Can't make any time-frame promises though.
Could you try
public static void SortRadixMsd(this double[] arrayToBeSorted)
to see how fast it sorts double[] on your data set to see if there is hope for it being fast enough?
It's also would have been cool if this was possible Array.AsParallel().Sort(), like it is for Linq. -Victor
Thanks Victor!
This is what I have so far for timing (mean of 50x).
val.SortMergeInPlacePar() 15ms val.SortMergeInPlaceStablePar() 30ms Array.Sort(val) 31ms Algorithm.SortRadixMsd(val) 59ms Array.Sort(val, idx) 67ms
for the next two I smoosh'd the var and idx arrays together to make a 2-column jagged array S = [var, idx] and used your comparer advice from above.
public class UserDefinedClassComparer : IComparer<double[]>
{
public int Compare(double[] first, double[] second)
{
return (int)(first[0] - second[0]);
}
}
S.SortMergeInPlacePar(comparer) 150ms (plus ~30ms for array smoosh'n) Array.Sort(XS, comparer) 490ms (plus ~30ms for array smoosh'n)
So you can see SortMergeInPlacePar is 2-3x as faster than Array.Sort with a (more or less) apples-apples comparison. Cool algo!
Rick
Take a look at the new 3.8.0 release, which now has
public static void SortMergeInPlacePar<T1, T2>(this T1[] keys, T2[] items, IComparer
Oops, further testing revealed that keys are sorted, but items are not - working on tracking the issue down.
I also improved interfaces on SortRadix with keys and items, which now returns a tuple of sorted arrays of keys and items, making it more functional-style
Try the 3.8.1 version I just pushed, as it fixes the problem. However, there are a few miscomparisons between Array.Sort(double[], int[]) and the new SortMergeInPlacePar(double[], int[]). I'm working on tracking these down. My theory is that these are several keys which are equal to each other, showing up as "stability differences", as some sorting algorithms are not stable, where equal keys can get swapped in position from input to output. I'll let you know what I find.
I found that to be the exact issue when comparing the results of the two algorithms: Diff at index 1349 (-1.79697576570928E+308:1479440) (-1.79697576570928E+308:653777) Diff at index 1350 (-1.79697576570928E+308:653777) (-1.79697576570928E+308:1479440)
The keys are of the same value, but items are swapped. This is exactly what sorting stability is all about, where sometimes we care about it and other times it's ok if the order gets swapped of items associated with equal keys.
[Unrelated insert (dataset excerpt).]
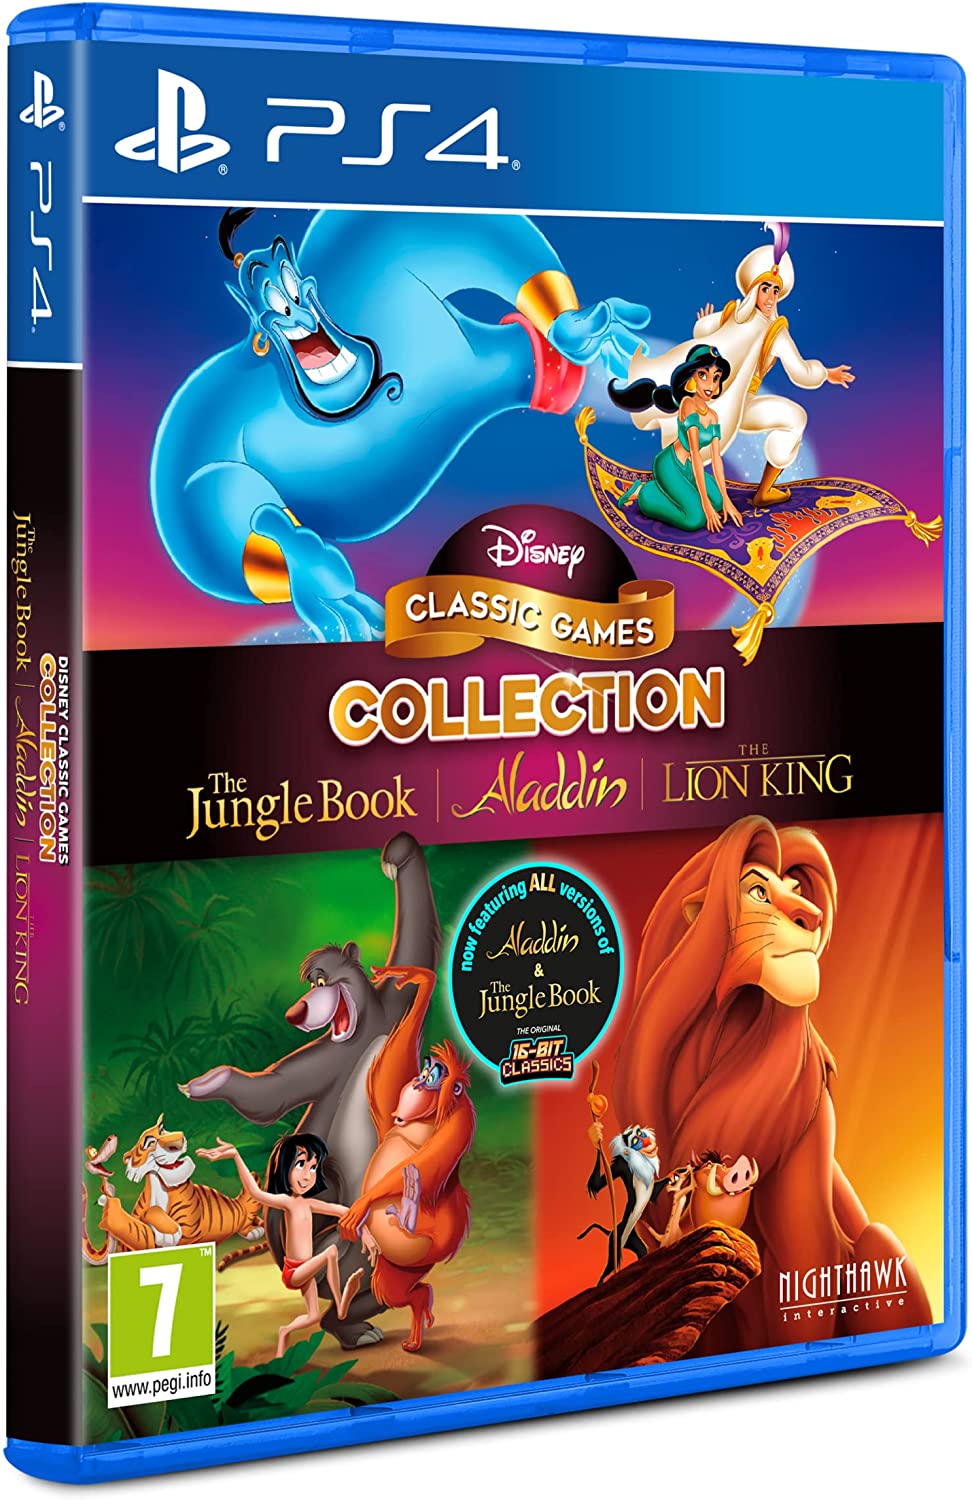 Disney Classic Games Collection: The Jungle Book, Aladdin, & The Lion King - PS4

Hi Victor, it works like a charm. For my case I'm seeing a 1.8x ratio. Very nice work.
Array.Sort(val,idx) --> 67ms val.SortMergeInPlacePar(idx) --> 37ms
Thanks for adding this feature. I think others will find it useful too.
Rick
You're welcome! Glad it works for you. I also think that fixing LSD Radix Sort to provide support for double[] keys would run even faster, while using only a single core. I added it to the list of items to work on.
Hi, is it possible to use parallel merge sort to return the sorted indexes / keys? Or to sort one int[] array according to the order of another double[] array?
For example, Array.Sort(x1,x2) will sort x2 in the order of x1.
SortMergeInPlacePar is 2x faster than Array.Sort for my n=500k double array so I would really like to use it.